Surly is brewing up something new.
Since 2006, the Minneapolis beer giant has led the way locally in experimentation and off-the-beaten-path brews. Now, Surly is adding gluten-reduced beers to its resume, becoming one of just two breweries in the state to do so.
Surly will be tapping the first of its two gluten-reduced beers for the first time on Wednesday – but many loyal patrons will already be familiar with what ends up in the pint glasses. The brewery started offering both Surly Pils and the Hopshifter IPA in its taproom about a year ago, but now Surly is changing up the process slightly, and yielding different results.
"We've been reducing the gluten in different beers for a while now," head brewer Ben Smith said. "But we were doing it for a different purpose."
That is, Smith and the other brewers were adding enzymes to some of Surly's beers in an attempt to reduce the haze – or cloudiness – that can affect taste and longevity.
As it turns out – and as other breweries around the nation have similarly discovered – the haze-inducing proteins targeted by those enzymes were the same proteins that cause issues for people with Celiac disease and other gluten sensitivities.
"It's just kind of a happy coincidence," Smith said.

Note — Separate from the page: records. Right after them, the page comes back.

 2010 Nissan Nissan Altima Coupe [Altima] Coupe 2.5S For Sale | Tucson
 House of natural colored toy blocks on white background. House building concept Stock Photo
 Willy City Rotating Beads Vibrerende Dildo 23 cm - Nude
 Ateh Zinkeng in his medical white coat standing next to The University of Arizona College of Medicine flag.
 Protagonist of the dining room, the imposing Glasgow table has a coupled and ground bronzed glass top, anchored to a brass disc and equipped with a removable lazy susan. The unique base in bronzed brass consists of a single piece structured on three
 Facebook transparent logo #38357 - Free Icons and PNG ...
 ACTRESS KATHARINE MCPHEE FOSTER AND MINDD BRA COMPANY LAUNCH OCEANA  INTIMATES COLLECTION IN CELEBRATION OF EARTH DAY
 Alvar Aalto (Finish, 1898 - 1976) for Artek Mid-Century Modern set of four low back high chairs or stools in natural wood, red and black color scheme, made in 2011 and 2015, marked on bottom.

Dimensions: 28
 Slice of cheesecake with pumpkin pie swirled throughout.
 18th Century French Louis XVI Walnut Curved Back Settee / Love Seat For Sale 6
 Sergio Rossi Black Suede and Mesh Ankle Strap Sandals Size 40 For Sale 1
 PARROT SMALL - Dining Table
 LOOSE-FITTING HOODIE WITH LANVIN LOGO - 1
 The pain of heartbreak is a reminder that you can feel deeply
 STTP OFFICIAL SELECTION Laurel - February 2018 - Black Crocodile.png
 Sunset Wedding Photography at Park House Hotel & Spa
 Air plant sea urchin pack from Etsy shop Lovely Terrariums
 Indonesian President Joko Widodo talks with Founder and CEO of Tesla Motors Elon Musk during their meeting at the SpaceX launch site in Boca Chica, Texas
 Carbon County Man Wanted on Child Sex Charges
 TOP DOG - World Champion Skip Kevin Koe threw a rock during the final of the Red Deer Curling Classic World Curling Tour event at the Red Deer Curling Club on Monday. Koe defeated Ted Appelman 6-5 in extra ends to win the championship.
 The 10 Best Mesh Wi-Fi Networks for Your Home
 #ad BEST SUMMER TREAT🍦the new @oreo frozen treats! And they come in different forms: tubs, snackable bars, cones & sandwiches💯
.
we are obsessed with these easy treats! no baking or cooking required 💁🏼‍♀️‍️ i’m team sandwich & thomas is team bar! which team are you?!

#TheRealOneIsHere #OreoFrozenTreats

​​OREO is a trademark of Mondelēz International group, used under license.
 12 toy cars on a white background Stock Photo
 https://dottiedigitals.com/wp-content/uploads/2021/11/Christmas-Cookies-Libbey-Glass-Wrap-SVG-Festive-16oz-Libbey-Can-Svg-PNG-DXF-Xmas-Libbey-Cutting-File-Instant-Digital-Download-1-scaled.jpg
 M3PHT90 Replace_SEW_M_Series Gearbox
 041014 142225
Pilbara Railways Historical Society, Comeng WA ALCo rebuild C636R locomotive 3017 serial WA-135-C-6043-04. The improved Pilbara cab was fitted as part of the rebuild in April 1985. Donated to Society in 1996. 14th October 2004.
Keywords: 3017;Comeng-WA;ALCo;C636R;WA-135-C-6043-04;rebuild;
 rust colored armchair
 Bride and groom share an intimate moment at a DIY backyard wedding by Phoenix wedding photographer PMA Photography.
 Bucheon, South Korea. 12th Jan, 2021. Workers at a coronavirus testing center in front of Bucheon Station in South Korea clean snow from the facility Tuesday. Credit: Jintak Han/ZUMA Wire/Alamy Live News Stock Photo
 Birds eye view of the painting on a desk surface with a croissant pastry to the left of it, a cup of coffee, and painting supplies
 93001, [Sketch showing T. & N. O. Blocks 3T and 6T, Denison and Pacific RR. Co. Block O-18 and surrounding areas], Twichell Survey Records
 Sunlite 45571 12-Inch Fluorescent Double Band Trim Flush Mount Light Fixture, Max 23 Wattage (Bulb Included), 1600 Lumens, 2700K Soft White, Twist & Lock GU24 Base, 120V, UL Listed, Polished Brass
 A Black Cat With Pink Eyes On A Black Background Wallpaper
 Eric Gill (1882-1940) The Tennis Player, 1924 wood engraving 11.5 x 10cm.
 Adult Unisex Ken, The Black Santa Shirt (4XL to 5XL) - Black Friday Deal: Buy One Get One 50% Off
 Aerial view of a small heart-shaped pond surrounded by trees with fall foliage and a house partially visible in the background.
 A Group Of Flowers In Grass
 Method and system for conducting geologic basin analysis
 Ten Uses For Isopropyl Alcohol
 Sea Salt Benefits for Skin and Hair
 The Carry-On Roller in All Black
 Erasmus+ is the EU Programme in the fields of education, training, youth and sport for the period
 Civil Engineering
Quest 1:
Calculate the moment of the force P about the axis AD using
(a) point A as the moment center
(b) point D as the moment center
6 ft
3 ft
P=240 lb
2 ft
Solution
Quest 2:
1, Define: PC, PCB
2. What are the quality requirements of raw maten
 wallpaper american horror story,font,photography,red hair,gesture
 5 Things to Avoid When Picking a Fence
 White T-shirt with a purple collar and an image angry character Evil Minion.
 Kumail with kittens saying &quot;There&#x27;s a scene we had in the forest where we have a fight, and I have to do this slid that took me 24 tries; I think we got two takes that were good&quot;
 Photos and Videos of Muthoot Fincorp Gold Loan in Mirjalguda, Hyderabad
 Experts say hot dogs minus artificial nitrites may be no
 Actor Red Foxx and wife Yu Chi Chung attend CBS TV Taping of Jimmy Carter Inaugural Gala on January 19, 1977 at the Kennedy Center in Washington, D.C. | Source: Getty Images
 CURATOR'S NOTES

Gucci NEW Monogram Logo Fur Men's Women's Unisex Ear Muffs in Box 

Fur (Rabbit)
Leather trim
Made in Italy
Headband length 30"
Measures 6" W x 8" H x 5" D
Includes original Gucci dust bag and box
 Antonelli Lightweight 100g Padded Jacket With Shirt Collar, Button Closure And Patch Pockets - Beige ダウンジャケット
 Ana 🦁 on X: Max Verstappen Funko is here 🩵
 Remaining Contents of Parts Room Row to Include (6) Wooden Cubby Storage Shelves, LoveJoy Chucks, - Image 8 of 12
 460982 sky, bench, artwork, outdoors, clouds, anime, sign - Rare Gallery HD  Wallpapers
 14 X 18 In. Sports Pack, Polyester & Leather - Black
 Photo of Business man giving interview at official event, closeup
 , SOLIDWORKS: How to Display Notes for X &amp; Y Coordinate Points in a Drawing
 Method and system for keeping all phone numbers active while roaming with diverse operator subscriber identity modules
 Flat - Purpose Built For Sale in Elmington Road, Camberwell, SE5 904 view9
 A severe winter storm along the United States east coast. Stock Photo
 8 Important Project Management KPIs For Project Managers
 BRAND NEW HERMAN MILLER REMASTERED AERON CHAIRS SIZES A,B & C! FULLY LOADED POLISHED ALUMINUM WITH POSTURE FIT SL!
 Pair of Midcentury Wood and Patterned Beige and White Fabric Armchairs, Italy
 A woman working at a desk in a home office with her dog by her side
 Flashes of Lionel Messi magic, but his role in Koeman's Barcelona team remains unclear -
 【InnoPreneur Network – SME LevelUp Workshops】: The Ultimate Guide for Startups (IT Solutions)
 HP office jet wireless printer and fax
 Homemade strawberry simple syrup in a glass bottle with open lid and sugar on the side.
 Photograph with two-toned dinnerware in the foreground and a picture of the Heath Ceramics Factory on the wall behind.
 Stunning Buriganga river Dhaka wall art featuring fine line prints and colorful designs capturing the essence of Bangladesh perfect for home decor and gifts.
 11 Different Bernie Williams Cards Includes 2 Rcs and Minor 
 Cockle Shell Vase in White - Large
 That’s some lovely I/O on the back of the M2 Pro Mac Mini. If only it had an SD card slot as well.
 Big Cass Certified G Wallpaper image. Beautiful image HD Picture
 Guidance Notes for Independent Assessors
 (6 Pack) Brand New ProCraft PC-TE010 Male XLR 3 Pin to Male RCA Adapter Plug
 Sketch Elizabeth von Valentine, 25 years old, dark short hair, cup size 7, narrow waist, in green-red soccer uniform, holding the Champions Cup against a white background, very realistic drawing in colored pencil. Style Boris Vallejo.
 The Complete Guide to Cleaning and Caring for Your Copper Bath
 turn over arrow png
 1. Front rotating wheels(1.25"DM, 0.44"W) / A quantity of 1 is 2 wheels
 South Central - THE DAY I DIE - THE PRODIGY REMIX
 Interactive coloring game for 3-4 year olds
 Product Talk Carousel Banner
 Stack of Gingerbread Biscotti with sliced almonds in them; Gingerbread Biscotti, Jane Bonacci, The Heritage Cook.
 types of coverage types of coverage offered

So after several months of research, Surly decided to go the rest of the way and make a couple of its beers – Surly Pils and Hopshifter – safe for those with the greatest gluten sensitivities to drink. Surly Pils is available now, while Hopshifter will be beginning on Wednesday, March 22.
Traces of gluten still remain in both beers, but the amount is well below the legal standards necessary to label a product gluten-free. Surly can't, however, label the beers gluten-free because it incorporates barley in the initial brewing process.
The state's other gluten-free beers come from Burning Brothers Brewing, which is an entirely gluten-free brewery that makes its brews with gluten-free grains rather than gluten-extracted barley.
"We get questions every day from people who want to know if we have anything gluten-free or if we will," Smith said. "Having this technology and having used this process for a while, it just seemed like a no-brainer."
And here's the kicker: Smith and Co. say the beers taste exactly the same – or better, considering that the process greatly reduces the haze, lengthens the shelf life and stomps out proteins many consider detrimental to beer.
"It doesn't affect the flavor at all – that's the best part," Smith said. "If anything, it makes them better. You're getting a brighter beer that has a greater head retention and is gluten-reduced, all at the same time."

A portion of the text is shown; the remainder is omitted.